- Instructions for the task
Copy out every line of the material below, character for character, apart from the pictures.

- Available data
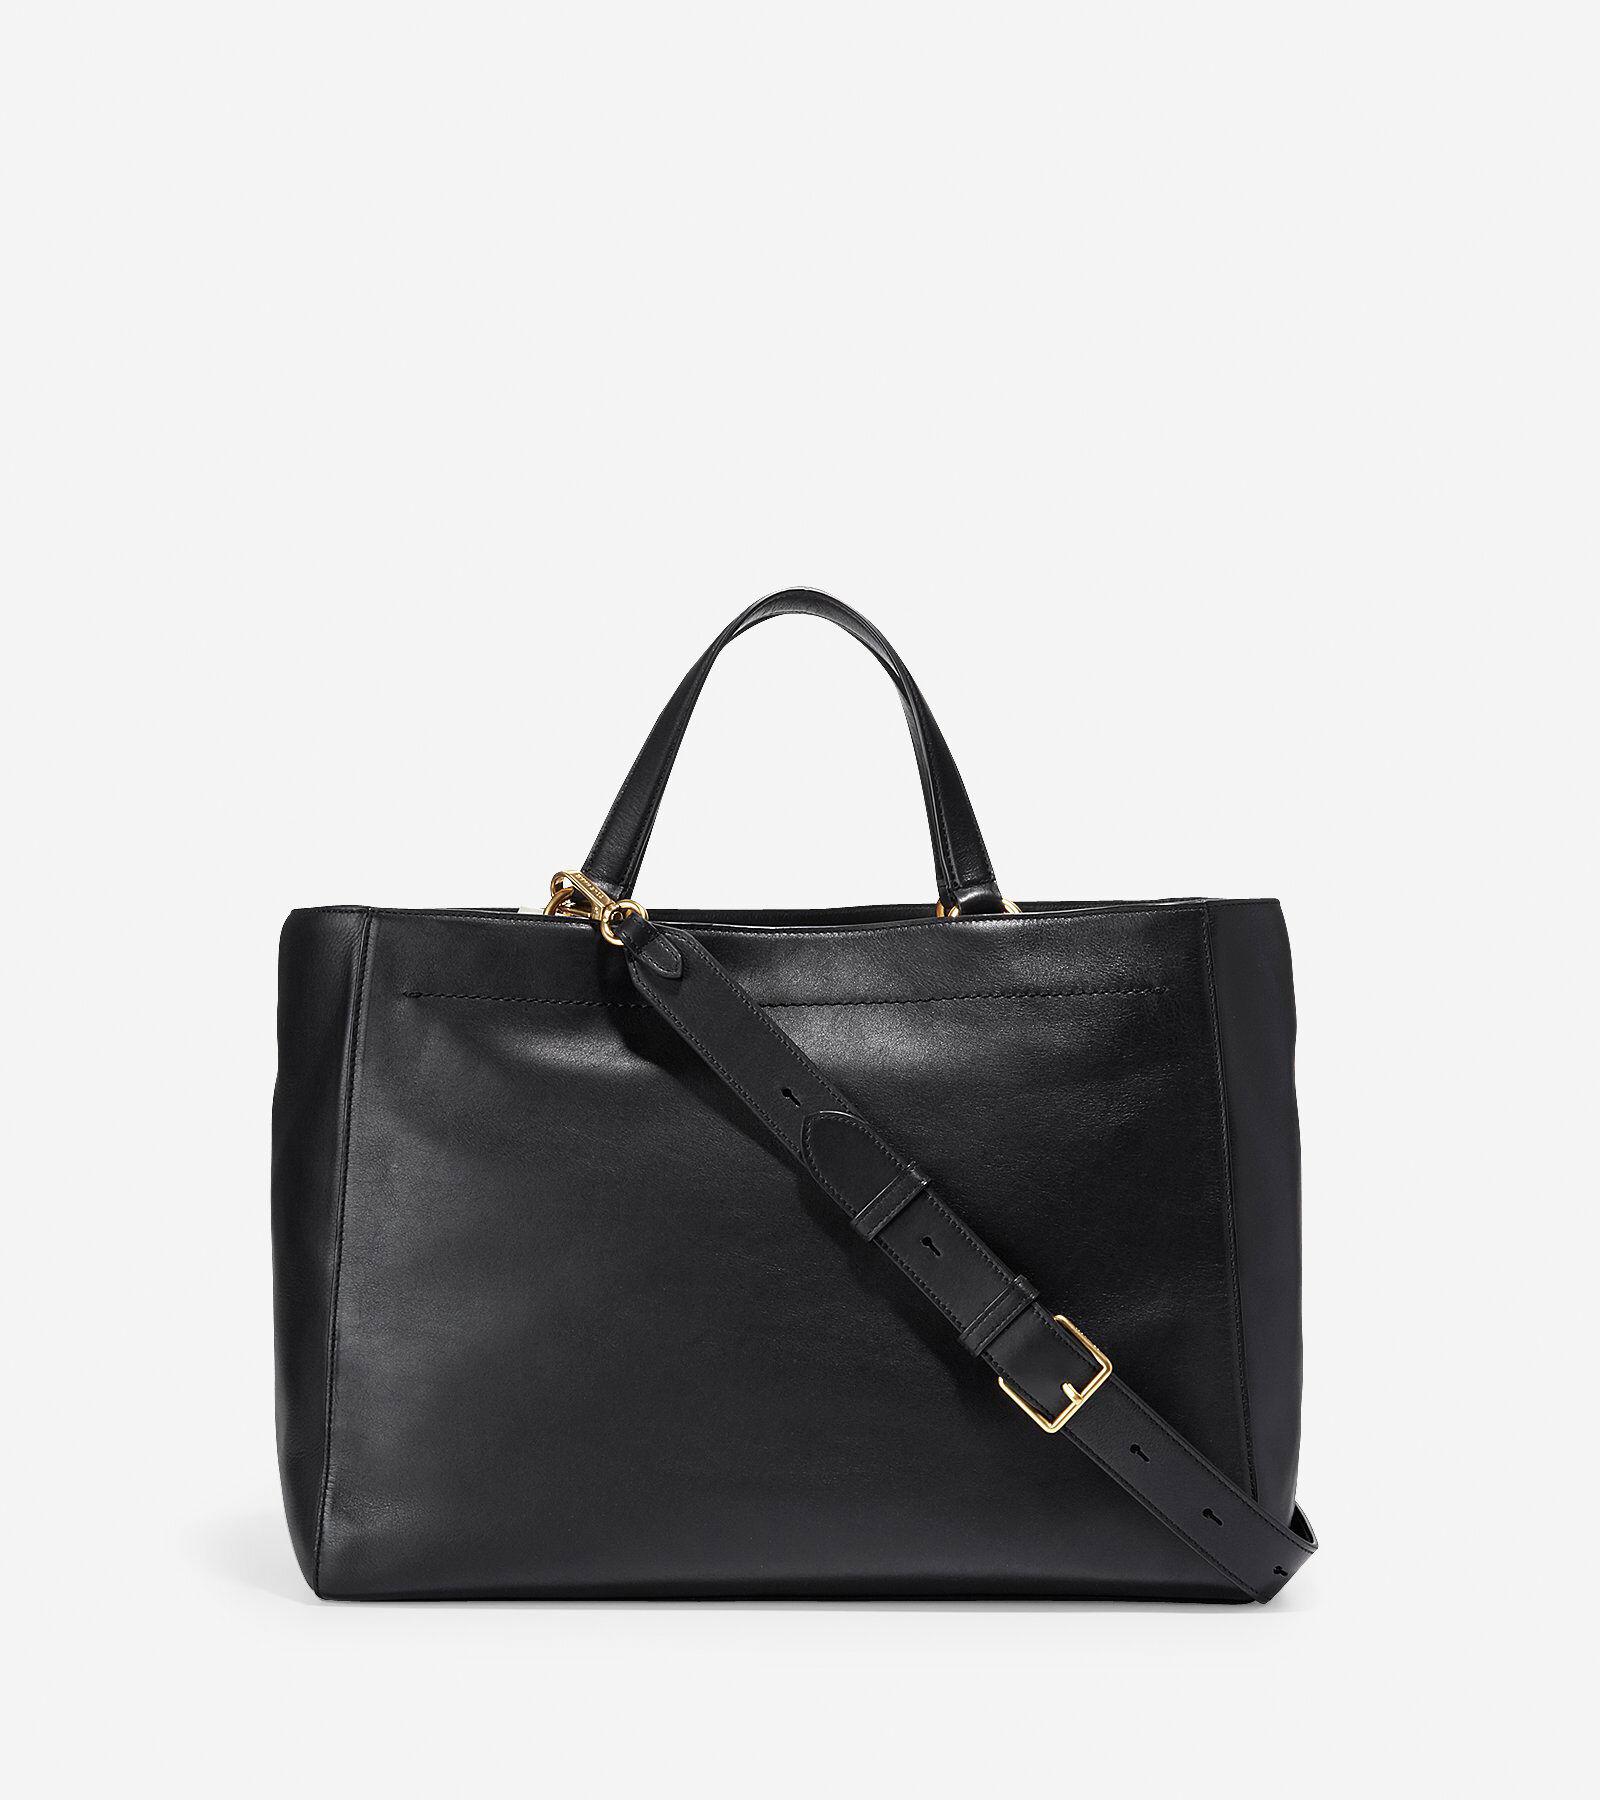 Cole Haan Zoe Work Tote (Black) Tote Handbags mhF9fhOzTS
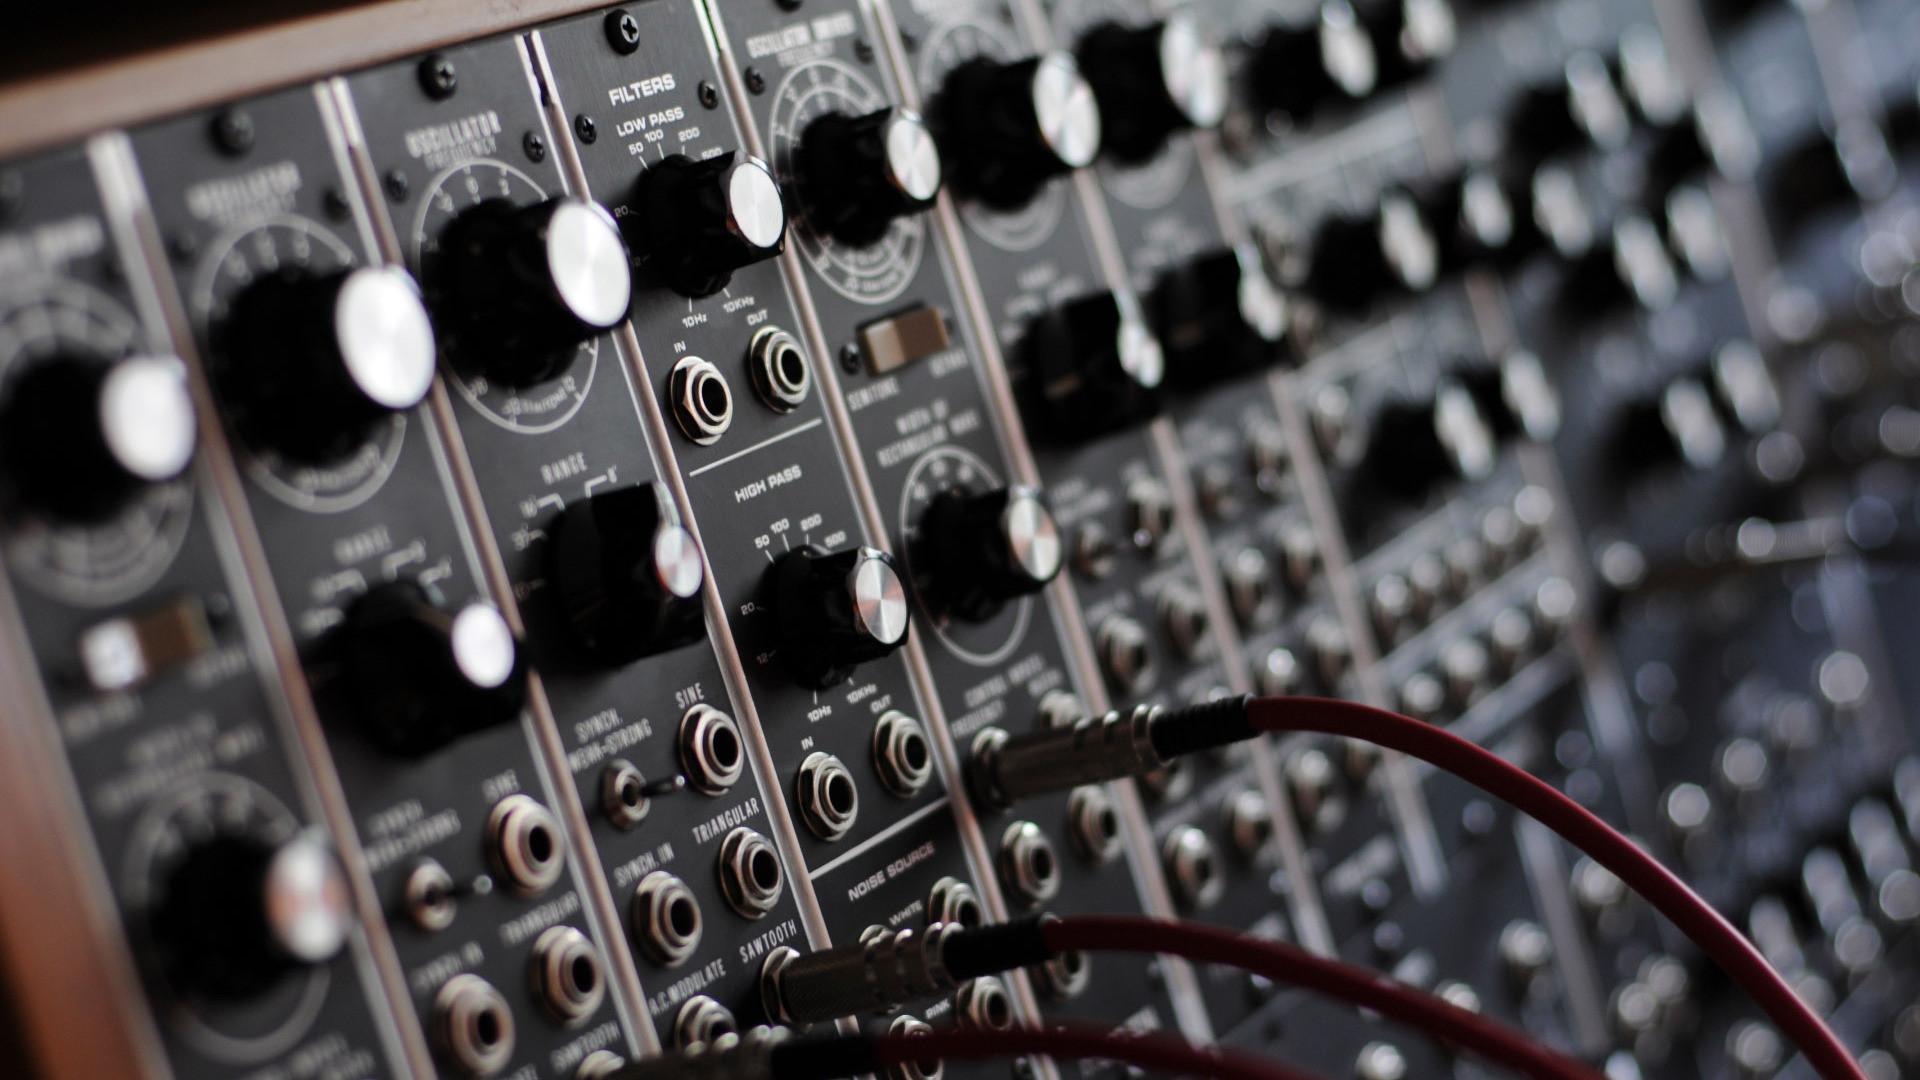 A Moog modular synthesizer.
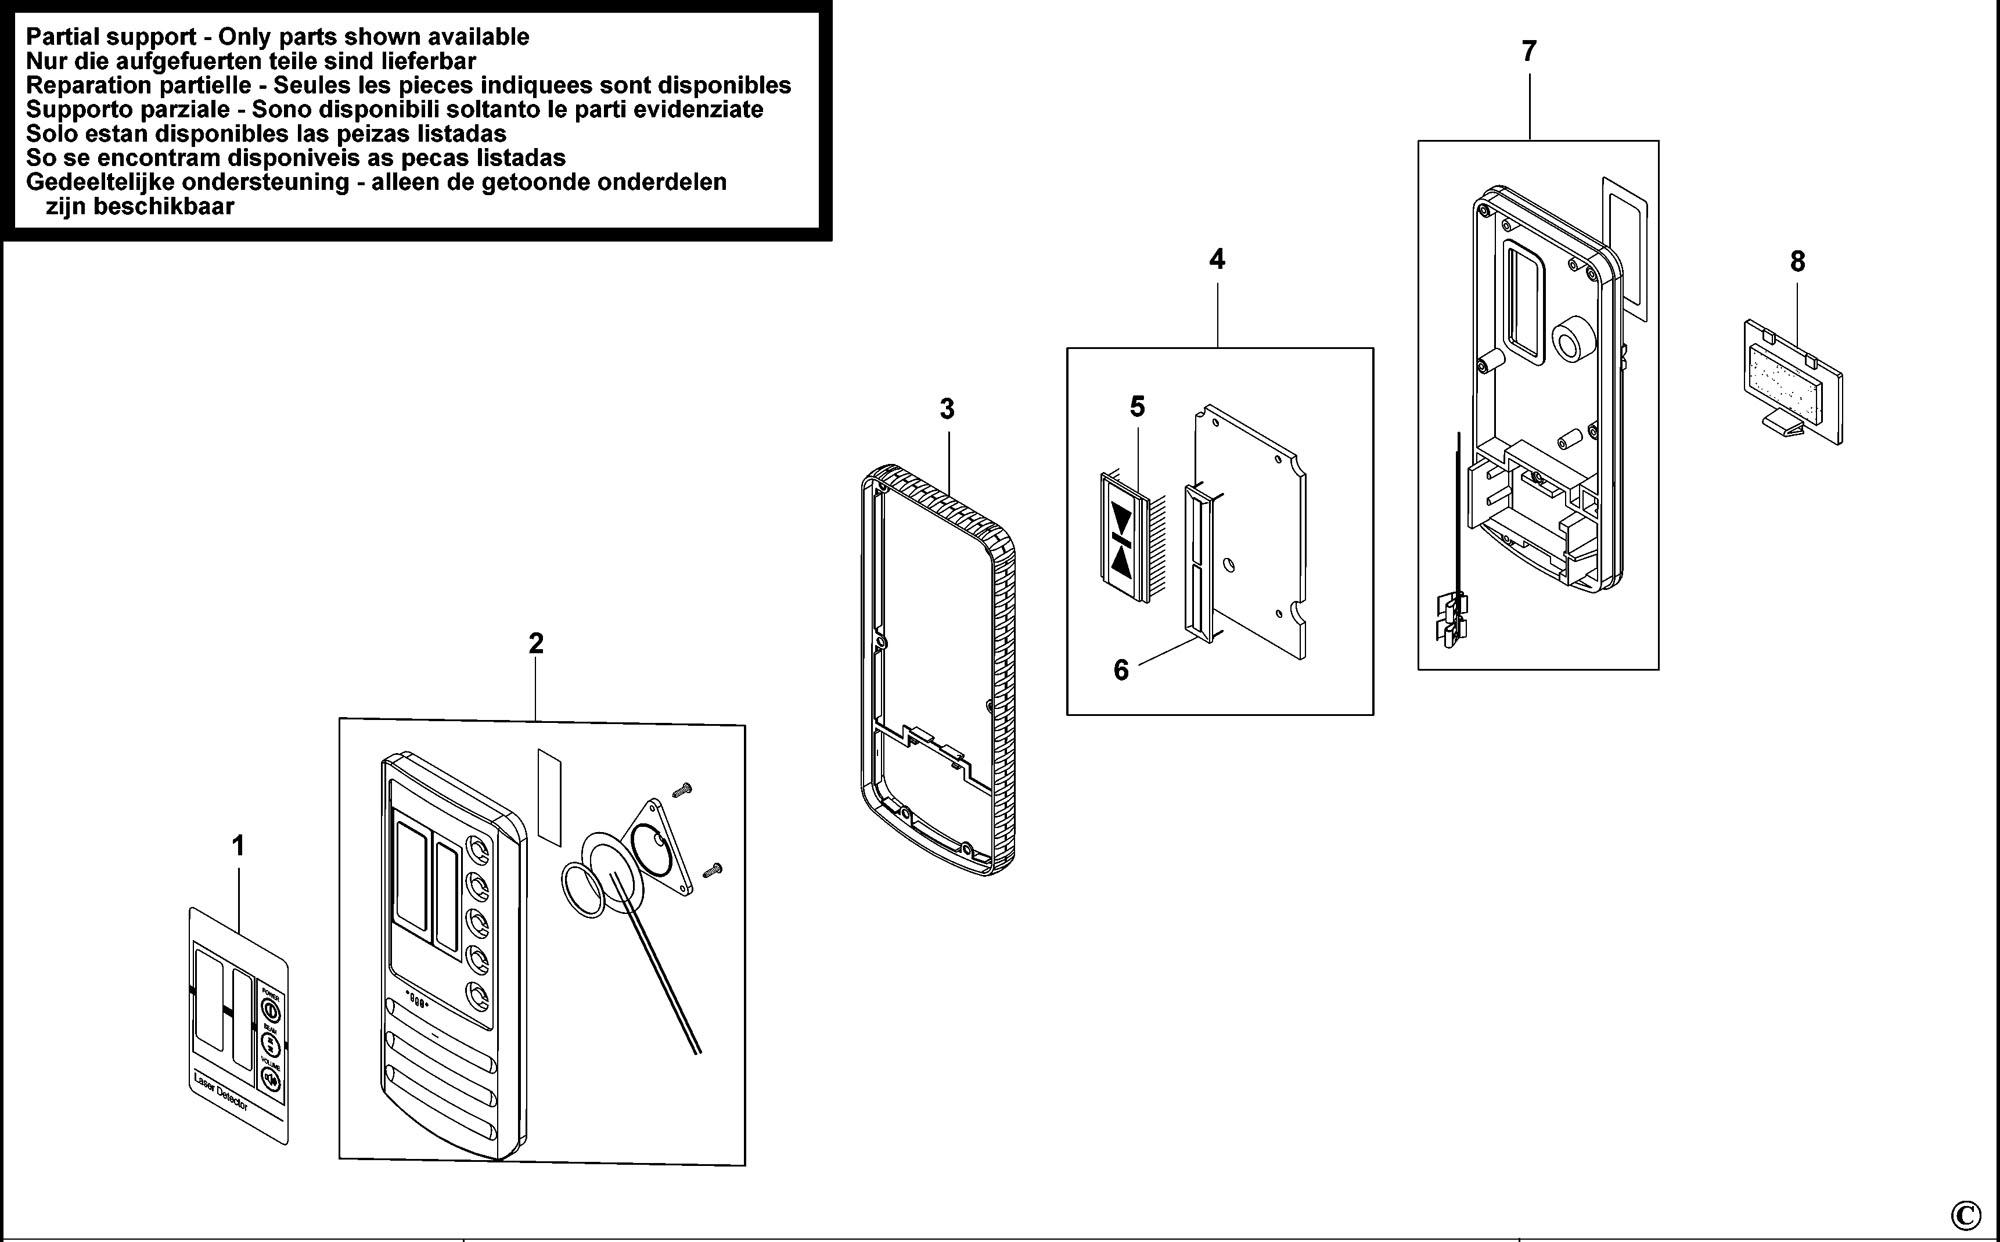 Spares for Stanley Lld1 Digital Laser Detector (type 1

- Answer below
 Cole Haan Zoe Work Tote (Black) Tote Handbags mhF9fhOzTS
 A Moog modular synthesizer.
 Spares for Stanley Lld1 Digital Laser Detector (type 1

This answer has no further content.